訪米で習政権「米中関係」「中国伝統」重視 独立メディアに伝える

 

 今回の訪米の目的は、150年前、北米鉄道の建設に参加した中国系労働者を記念するイベントへの出席だった。「習近平氏はこの歴史を、太平洋を跨ぐ両地域間の友情の象徴だと認識している」と話した。また生氏は、習氏が「中国伝統文化を崇敬している」ことも強調した。

 生氏の発言から見ると、習近平政権が米中関係への重視と、伝統文化への高い評価を外界に向けて発信したいと見て取れる。これを発信するのに、法輪功学習者が設立した大紀元と新唐人を選んだ。

 これは、将来中国社会が直面する大きな変革への下準備として、習政権が伝統文化と民族感情を基に、中国共産党政治体制の外にいる民間の力を集めたいとの狙いを反映したものではないか。

 上海市政府官員が大紀元の取材を受け入れたとのニュースが、中国大陸に伝われば、いまだに法輪功学習者を迫害し、中国社会の変革を根強く阻止している江沢民集団のメンバーに大きな打撃を与えるだろう。

習政権の4年、法輪功と深く関係

 習政権が発足してからこの4年間に行われた一連の政策は深く見ると、多くは法輪功と関係する。例えば、法輪功迫害のための労働教育制度の廃止。迫害のために設立された政府機関「610弁公室」トップ李東生氏の逮捕。元中央政治局常務委員の周永康氏、元天津市公安局局長の武長順氏など、迫害を主導した最高指導部高官や各地方政府高官の失脚・逮捕。習近平氏が国家主席に就任後、失脚し逮捕された江派閥の高官をみると、ほとんど法輪功迫害に関与した者たちだ。

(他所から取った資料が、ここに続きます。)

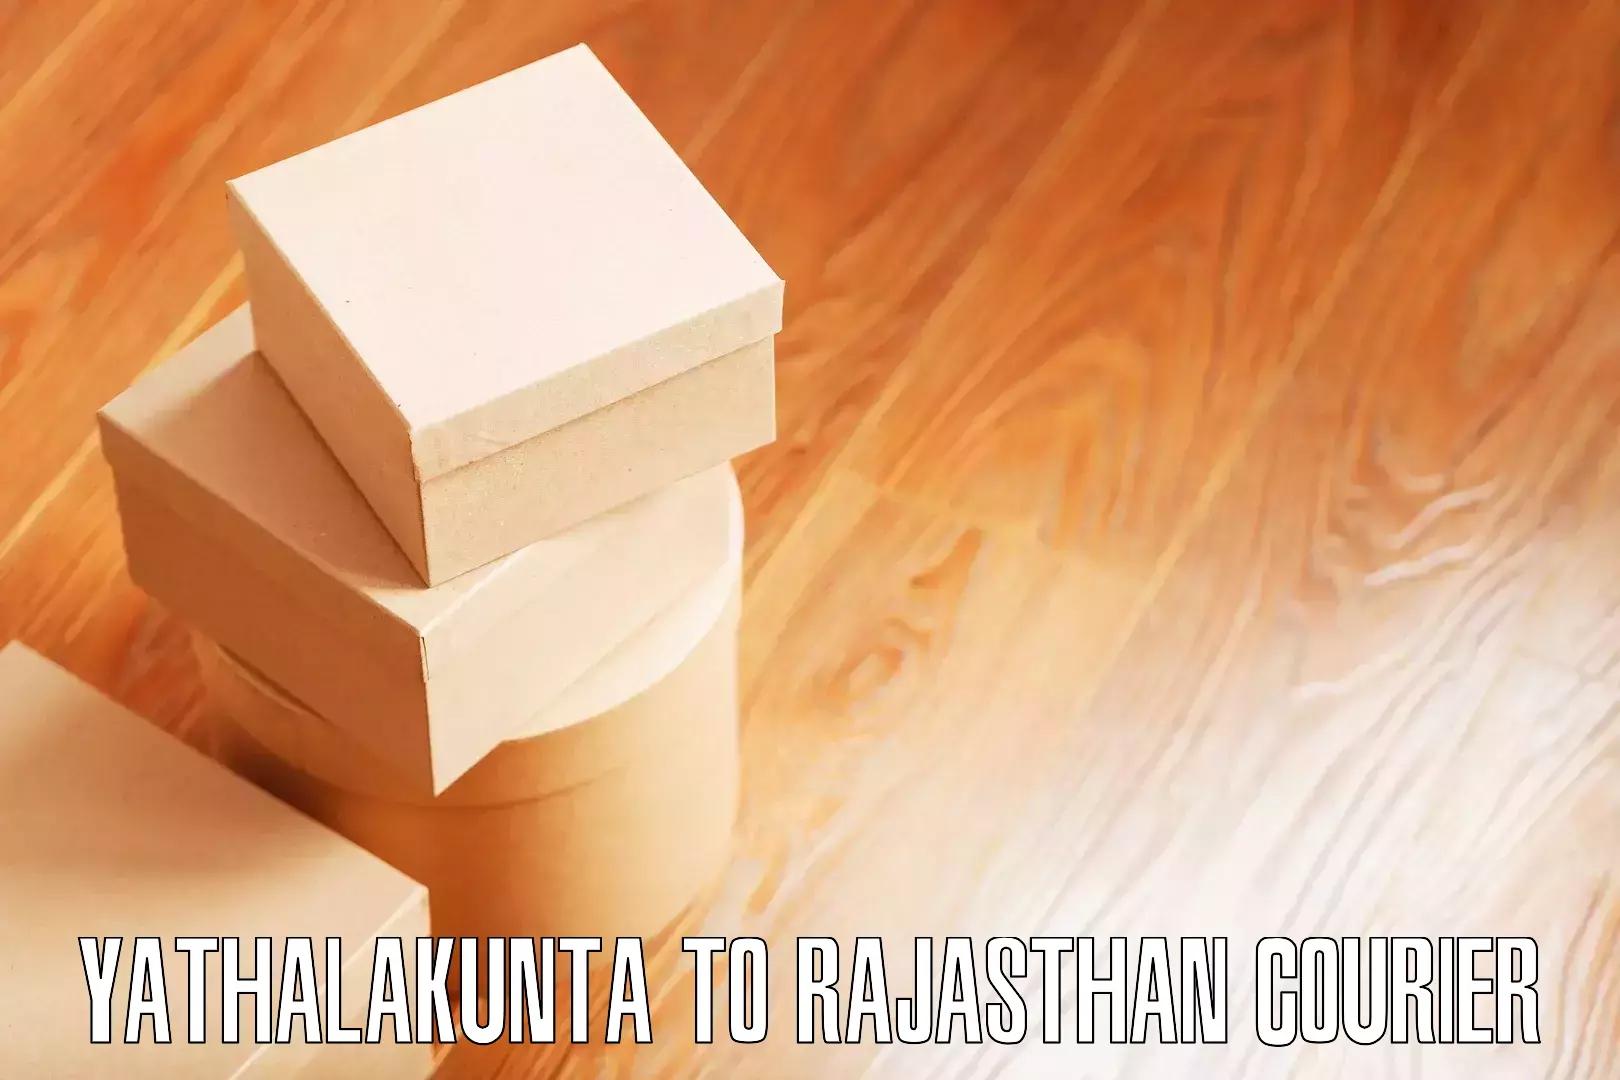 Efficient moving and packing Yathalakunta to Ras Pali

 また、今年4月23日に、1999年4月25日1万人以上の法輪功学習者が政府中枢である中南海で平和に陳情を行った記念日の前にして、習氏が全国宗教会議を行い、信仰の自由を主張した。

 習近平主席「信仰自由」「法治を強化」法輪功政策が変わるシグナルか=宗教工作会議​

 江沢民集団は法輪功に対して17年間も迫害を続けてきた。この結果、中国社会が政治、経済、道徳など多方面において深刻な危機に陥っている。法輪功への迫害を続けていくならば、これらの危機を根本的に解決されられないだろう。

 中国共産党官員の生鍵紅氏が米国で大紀元と新唐人の取材に応じたことで、江沢民集団による法輪功への迫害はもはや末路を迎えており、(江集団の崩壊で)中国も大きな変化を迎えるだろうとのシグナルを送った。

 中国大陸で大紀元と新唐人を目にするのは、もう遠くないだろう。